Search ForexCrunch
  • USD/CHF confirmed a near-term bullish breakout through head and shoulders neckline resistance.
  • The near-term technical set-up favours bullish traders and supports prospects for additional gains.
  • The emergence of some dip-buying should help limit the downside near the 0.8900-0.8890 area.

The USD/CHF pair gained strong positive traction on the first day of a new week and jumped to two-month tops, around the 0.8965 region during the early European session.

A sustained move beyond a strong horizontal barrier, around the 0.8920 region, was seen as a key trigger for bullish traders. The mentioned barrier acted as a neckline resistance of an inverted head and shoulders chart pattern.

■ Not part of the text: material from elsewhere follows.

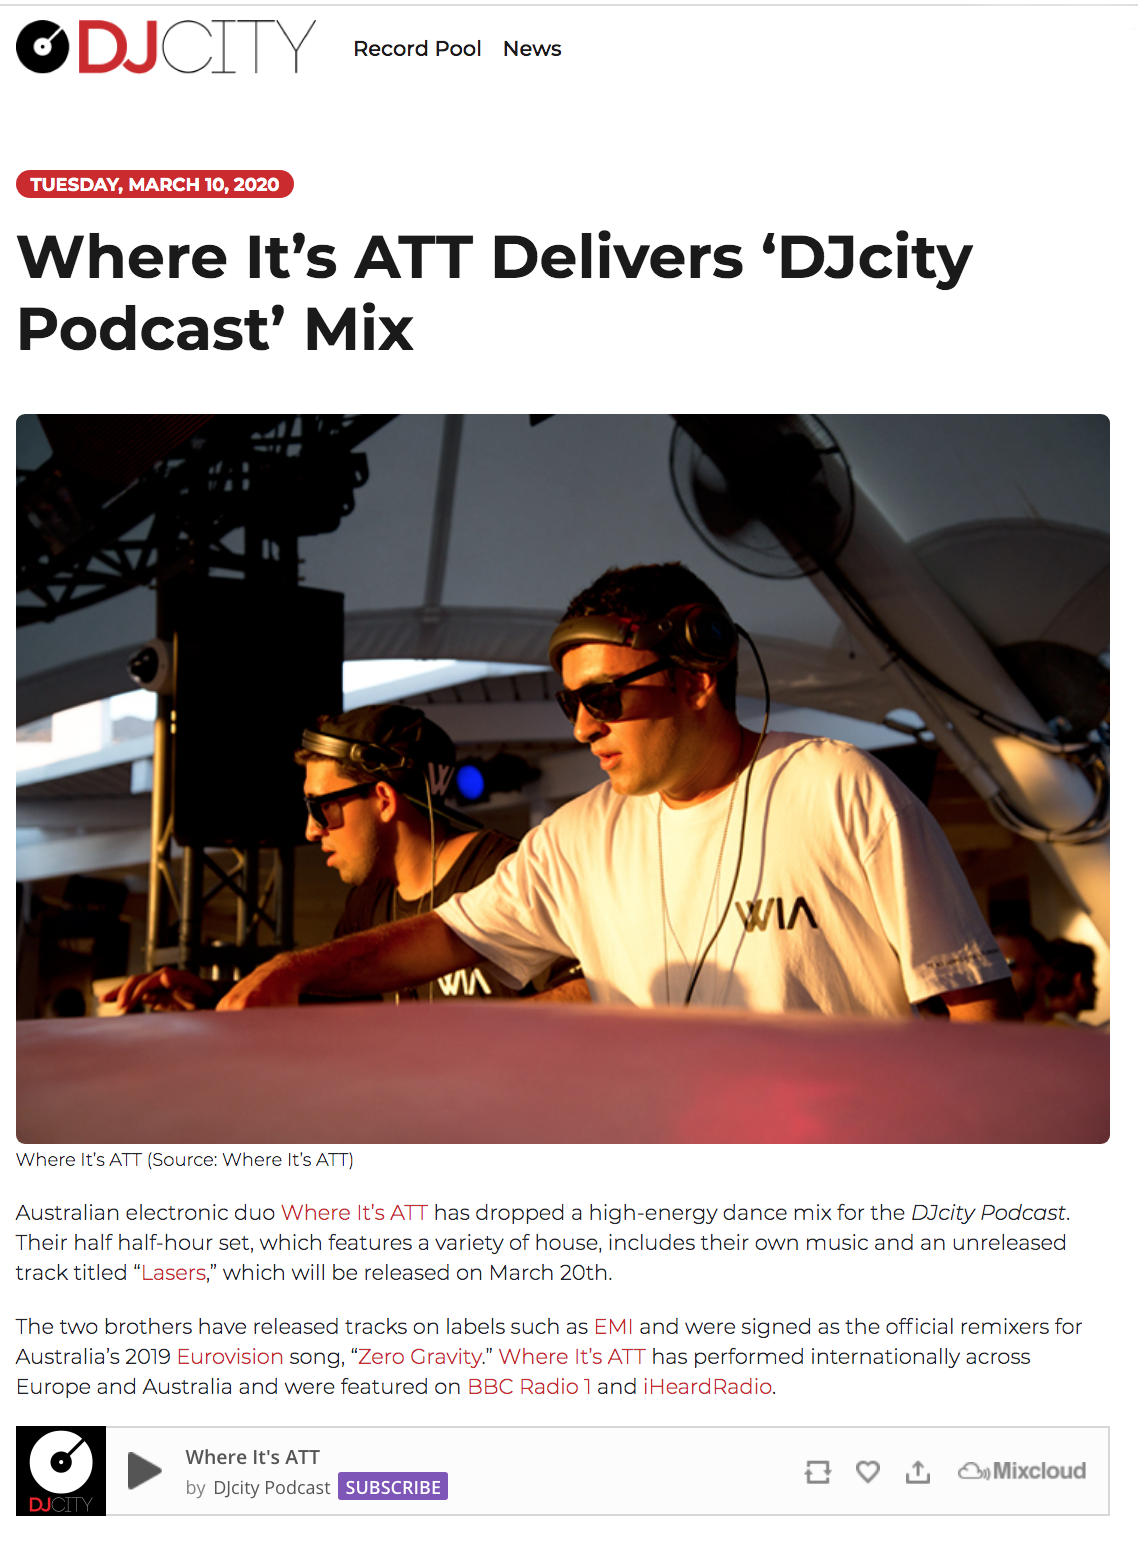 Where It's ATT Delivers 'DJcity Podcast' Mix

Technical indicators on the daily chart are holding comfortably in the bullish territory and are still far from being in the oversold zone. This, in turn, favours bullish traders and supports prospects for additional gains in the near-term.

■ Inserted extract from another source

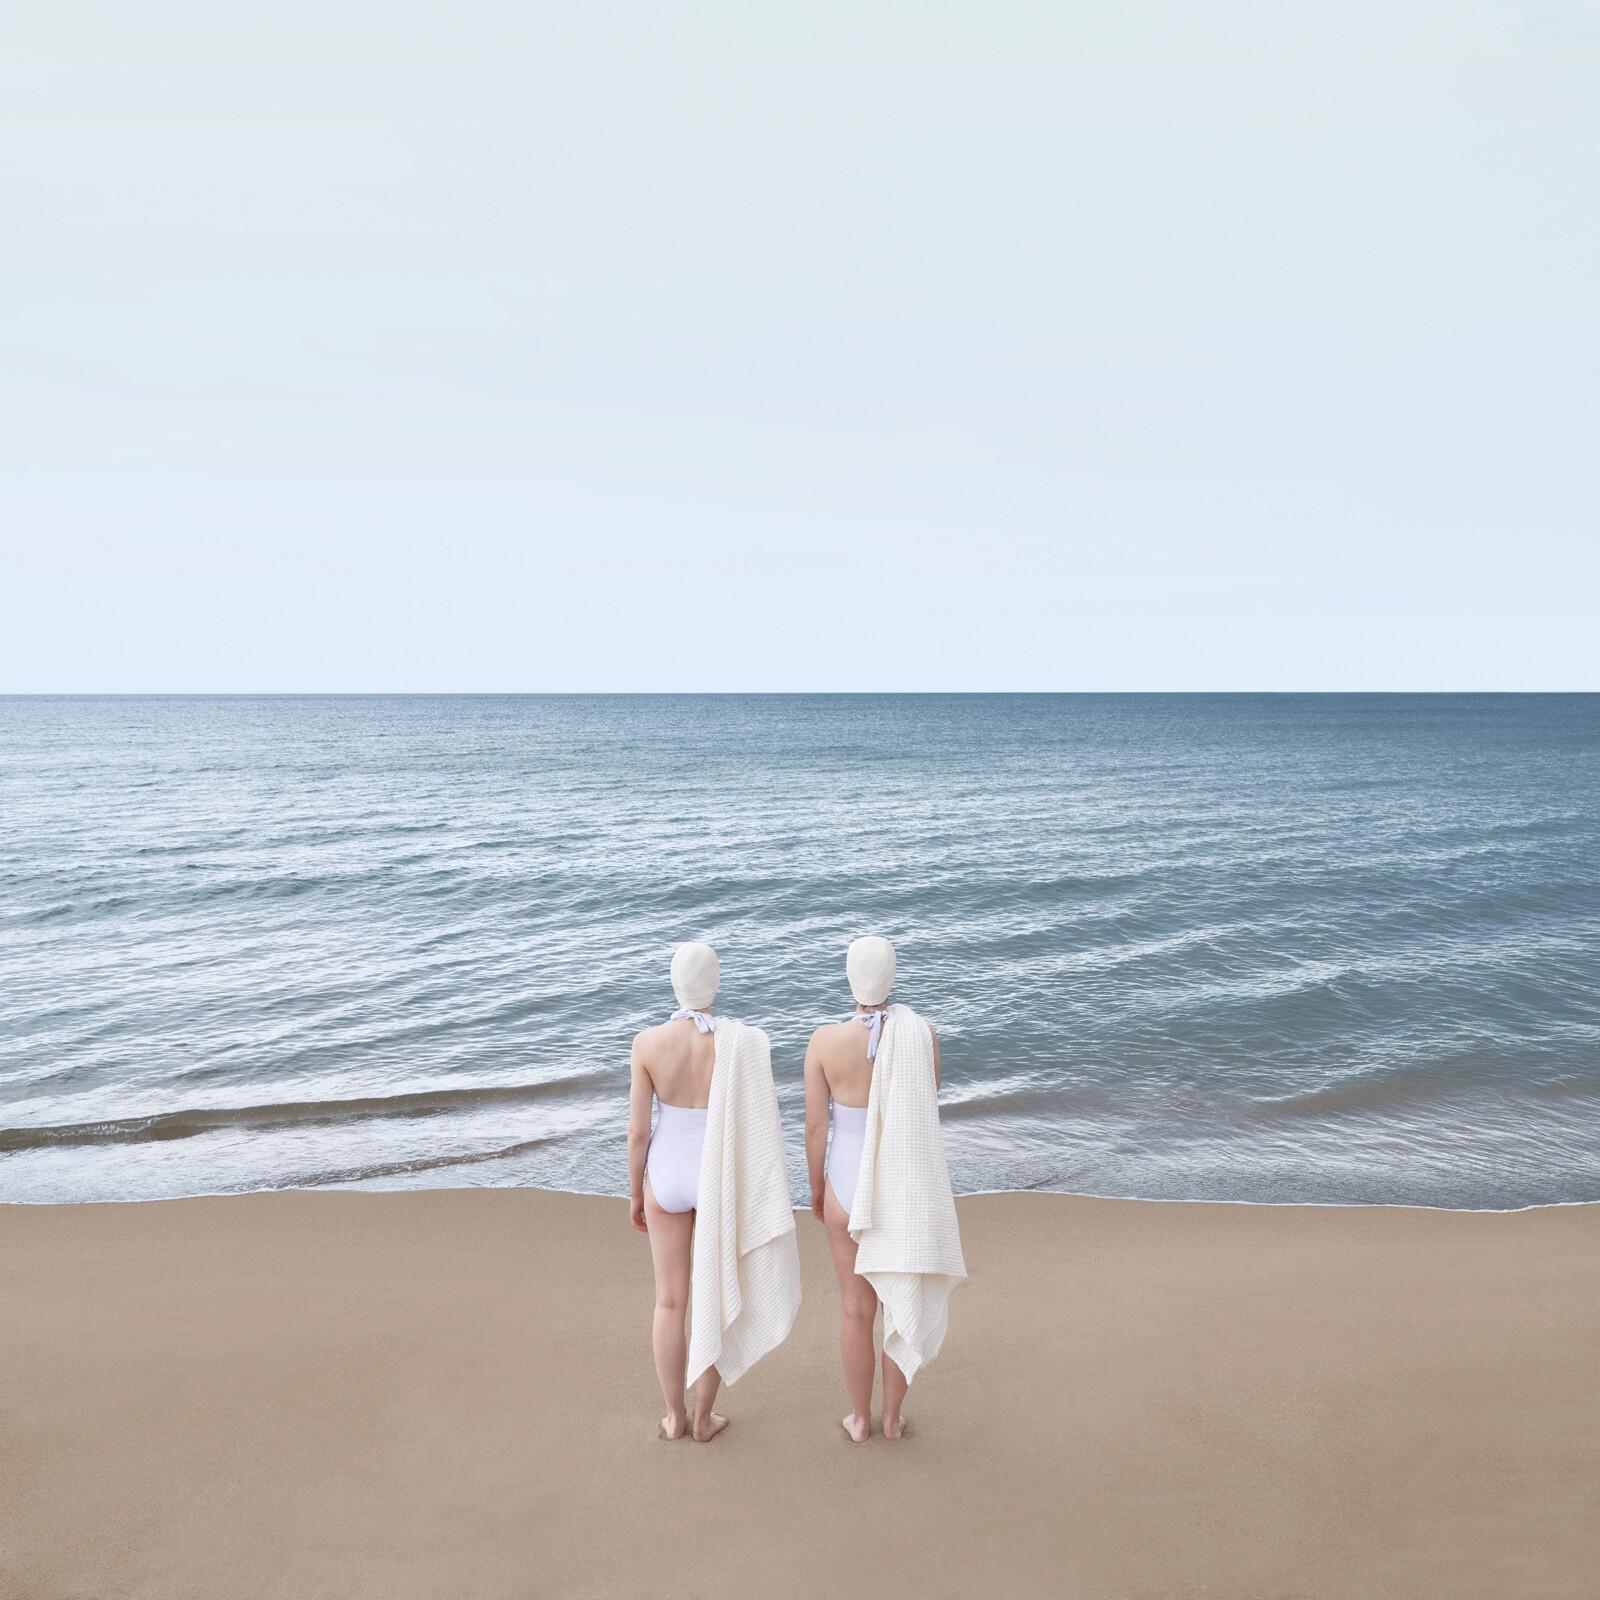 First Swim - Soo Burnell

Hence, a subsequent move beyond the key 0.9000 psychological mark, en-route the 0.9040-50 resistance, now looks a distinct possibility. Some follow-through buying has the potential to push the USD/CHF pair further towards the 0.9075 barrier.

On the flip side, the neckline resistance breakpoint, which coincides with 50-day SMA, now seems to protect the immediate downside. Any further decline might be seen as a buying opportunity and remain limited near the 0.8890 horizontal level.

This is followed by support near the 0.8830 region, which if broken decisively will negate any near-term positive outlook and prompt some aggressive technical selling. The USD/CHF pair might the turn vulnerable to slide back below the 0.8800 mark.